Basic structural decisions of the German Basic Law (Grundgesetz) and their significance for the state order and social order of the Federal Republic of Germany

日期 2019年11月11日(周一)
时间 14:00 - 15:30
地点 虹口校区会议中心MBA案例室
主办 法学院
语言 英语 English

The first part of the lecture is devoted to the genesis of the Basic Law and the significance of the two - democratic - predecessor constitutions of 1919 and 1849 for this purpose, which also largely explains the basic structure of the Basic Law chosen in 1949. First, the structure of the German state and its organs is presented, which is more open in the Basic Law than the system of government has developed rapidly (see the gradual shifts in emphasis towards cooperative/unitarian federalism or "chancellor democracy"). Starting from the observation that, in contrast to the Weimar Constitution from 1919, there are no provisions on an economic and social constitution, this current view of the Basic Law as a concise "working order" of the federal state is abandoned and, on the basis of the catalogue of fundamental rights, its novelty is shown as a "preamble" to the entire constitutional and legal order of Germany. This now also reveals the human and social image from which the Basic Law proceeds. In addition, the economic and social constitution of the Basic Law, i.e. the social market economy and its design, also results from this. This anchoring of the social market economy above all in the catalogue of fundamental rights is briefly compared with the theses of attempts at interpretation inspired by Soviet Communism in the relevant articles on fundamental rights.

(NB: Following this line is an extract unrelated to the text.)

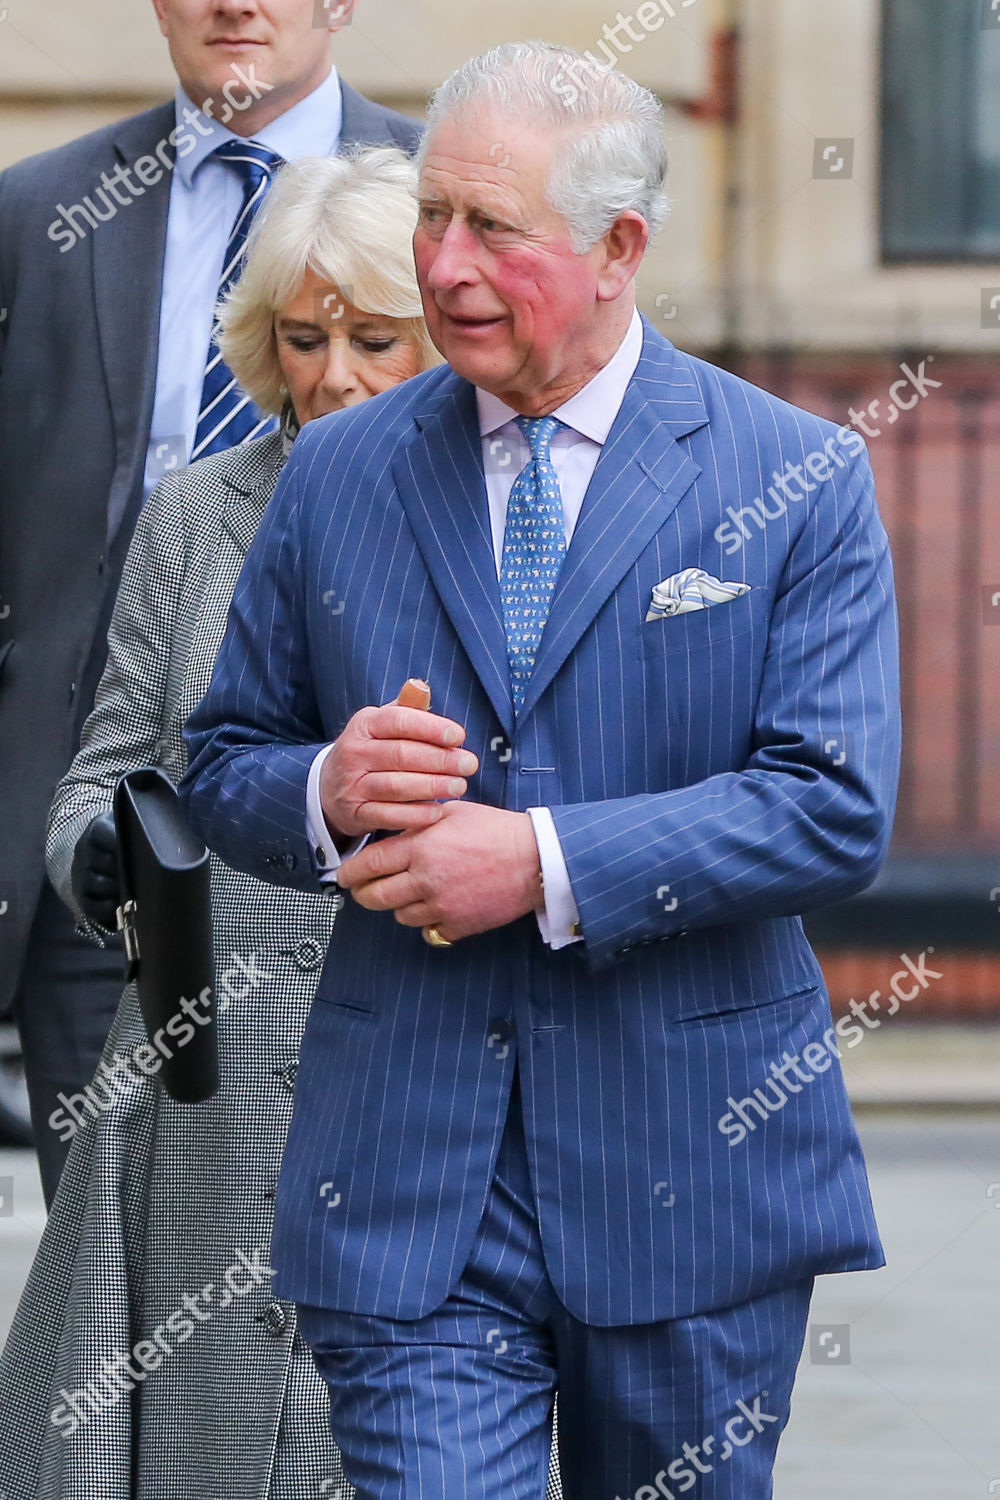 prince-charles-and-camilla-duchess-of-cornwall-visit-to-the-supreme-court-london-uk-shutterstock-editorial-10088523c.jpg

In the next section, the numerous amendments to the Basic Law over the period of 70 years are examined and classified against the respective socio-political background (e.g. several constitutional reforms towards more or less unitarian federalism, etc.). The result of these different constitutional amendments is a partial rejection of regulatory structural decisions for the Basic Law of 1949 and an increased tendency to establish political compromises between the political parties in the constitution on the one hand and to charge the Basic Law with program sentences (which were deliberately dispensed with in 1949) on the other hand.

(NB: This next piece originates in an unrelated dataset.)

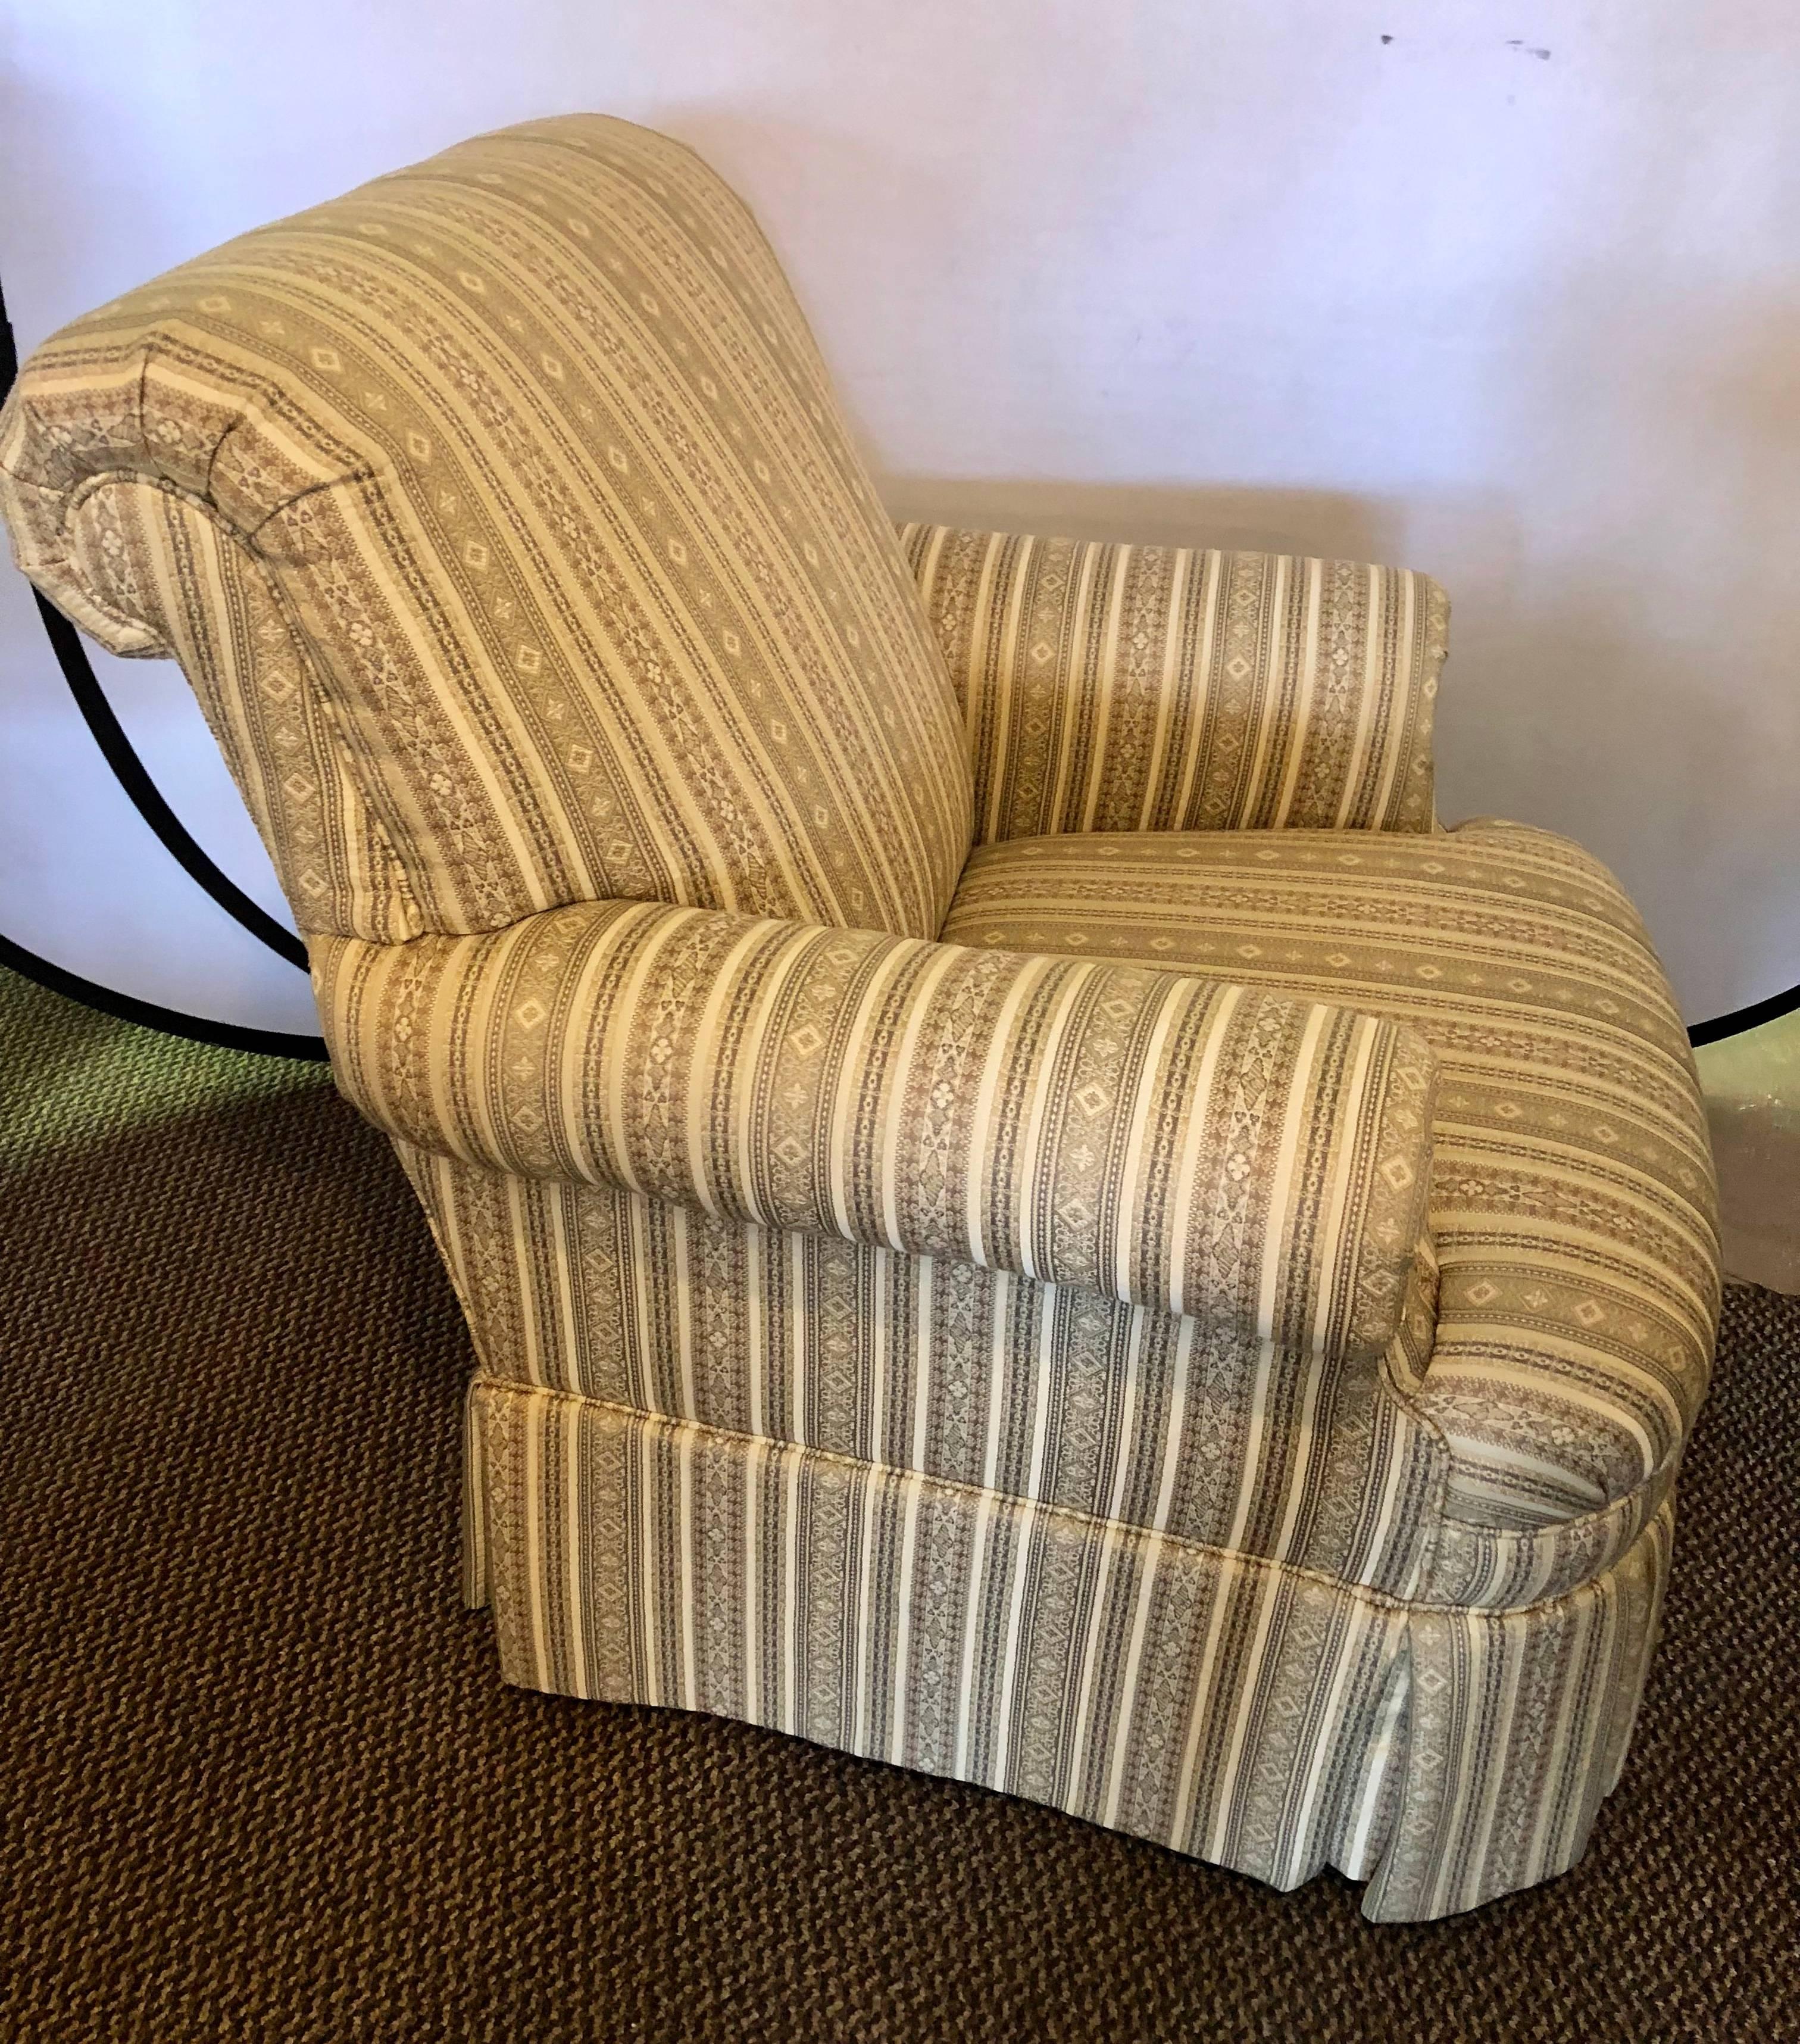 Pair of Hollywood Regency style custom overstuffed arm / lounge chairs in fine fabric. Direct from a Long Island Gold Coast Mansion. Sharp, sleek and clean.

At least this is followed by a final outlook: Since the increasing overload of technical legal details on the one hand, and political program or target clauses on the other, is making the Basic Law and even the catalogue of fundamental rights increasingly incomprehensible, this tendency of constitutional development stands in the way of a role for the Basic Law as a document that creates identity. The model of constitutional patriotism presupposes that the constitution can continue to be read and understood by all citizens and not just by experts if they are to be able to identify with it. This is an essential reason for the continued broadest social acceptance of the Basic Law and thus for the legitimacy of our entire constitutional order. As a counter-example, reference is made here to the Weimar Constitution, which ultimately lost its legitimacy in the eyes of the majority of the people due to a lack of success - i.e. due to a lack of real significance of its numerous postulated guarantees for the individual citizen.


Prof. Dr. Hans-Jörg Dietsche

Prof. Dr. Hans-Jörg Dietsche,Referent im Justiziariat der CDU/CSU-Bundestagsfraktion(德国基民盟/基社盟议会党团法务专家)。